À partir du milieu des années 1970, le modèle fordiste entre en crise et on assiste à l’émergence d’une ère postfordiste caractérisée par la flexibilité. Une conjugaison de différents changements conduisent à des restructurations qui se traduisent par certaines fermetures et par des baisses d’emploi. Les facteurs suivants sont mentionnés par des auteurs comme Hayter et Barnes (Barnes & Hayter, 1994 ; Hayter, 2003) :

la mondialisation des marchés apporte des conditions plus difficiles de fonctionnement et de rentabilité, à cause notamment de la concurrence des pays à moindres coûts de production ;

• l’adoption de technologies nouvelles restructure le travail et les lieux de travail et fait baisser la taille de la main-d’œuvre ;

• la cause de la protection de l’environnement impose de nouvelles pratiques aux exploitants et aux gouvernements qui réglementent l’exploitation (aires protégées, par exemple) ;

• les revendications autochtones modifient les conditions d’exploitation ; • les capacités d’intervention des gouvernements sont encore importantes,

mais en diminution (« [...] these developments underline the uncertain winds of change blowing through BC’s forest economy while exposing the decline of ability of the provincial government - whether right-wing or left-wing - to lead its remapping » Hayter, 2003, p. 723) ;

• les territoires de ressources, un peu partout dans le monde, sont devenus des territoires âprement disputés (« deeply contested spaces »), objets de conflits, de controverses et de convoitises diverses (Hayter, Barnes & Bradshaw, 2003).

Selon cette approche, le passage du fordisme au postfordisme a entraîné l’augmentation de l’instabilité et de l’incertitude pour les territoires de ressources. Le sort des villes mono-industrielles, spécialement celles liées à une seule entreprise, illustre ce passage.

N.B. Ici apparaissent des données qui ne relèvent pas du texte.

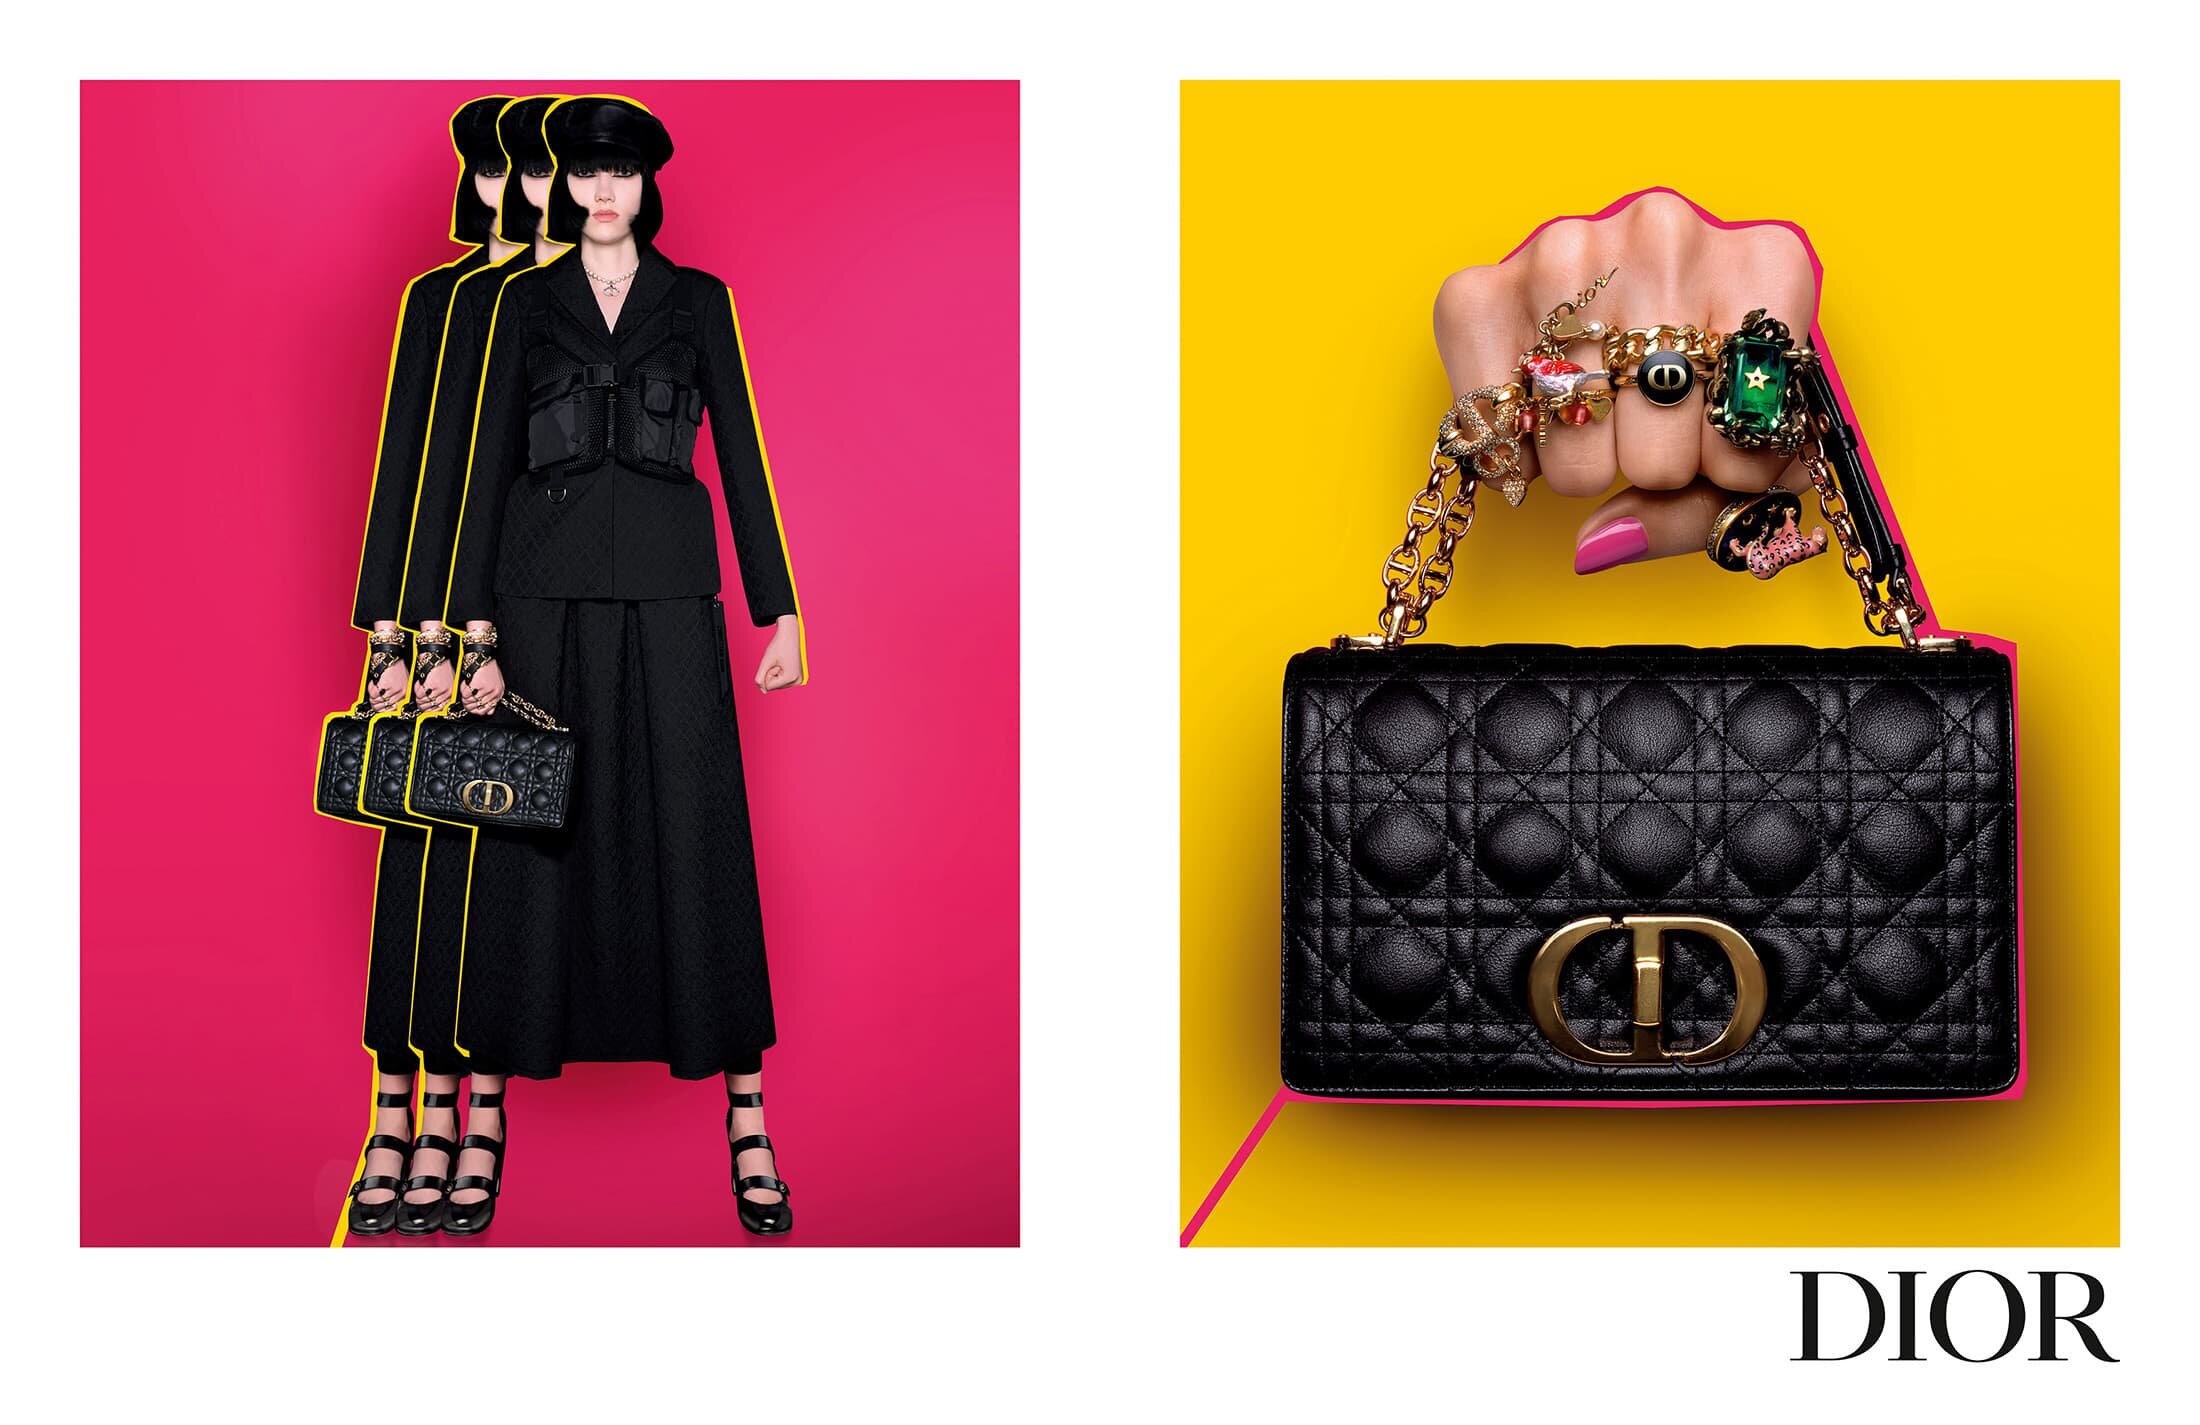 Brigitte Niedermair Dior Women Fall 2021 Campaign (5).jpg

Nées avant et pendant le fordisme, ces villes, typiques des régions ressources, ont connu une certaine prospérité au milieu du XXe siècle. Lucas (1971) avait établi que ces villes suivaient un parcours typique qui les conduisait à une étape, dite finale, de maturité, gage de stabilité, de prospérité et de permanence. Ce pronostic optimiste de la période fordiste s’est trouvé totalement défait dans la période postfordiste (Barnes, 2005). À l’ère postfordiste, les paramètres régissant le fonctionnement et l’existence des villes mono-industrielles se sont modifiés (Hayter, 2000). Les changements dans les conditions de production ont fait que certaines de ces villes ont fermé et que d’autres ont vu les revenus moyens de leurs habitants décliner. Dans les zones isolées, les nouvelles exploitations de type postfordiste ne devraient plus désormais donner lieu à la fondation de nouveaux établissements humains, mais plutôt à des chantiers temporaires où se pratique une forme de migration alternante (le

fly-in/fly-out en serait un bon exemple).

Les auteurs post-staples et les auteurs postfordistes parlent, autant les uns que les autres, des bouleversements engendrés par les nouvelles conditions économiques : ouverture plus poussée à la concurrence mondiale, changements technologiques, instabilité des conditions économiques et sociales dans les territoires de ressources, incertitude quant à l’avenir. Cependant, la perspective régulationniste qui anime les tenants du postfordisme les conduit à accorder une place plus importante que les auteurs post-staples aux rapports entre les grands joueurs sur le terrain et aux stratégies respectives de chacun : l’État, les ONG, les syndicats, les nations

autochtones, les grandes entreprises, etc. C’est d’ailleurs ce qui rend cette approche particulièrement pertinente.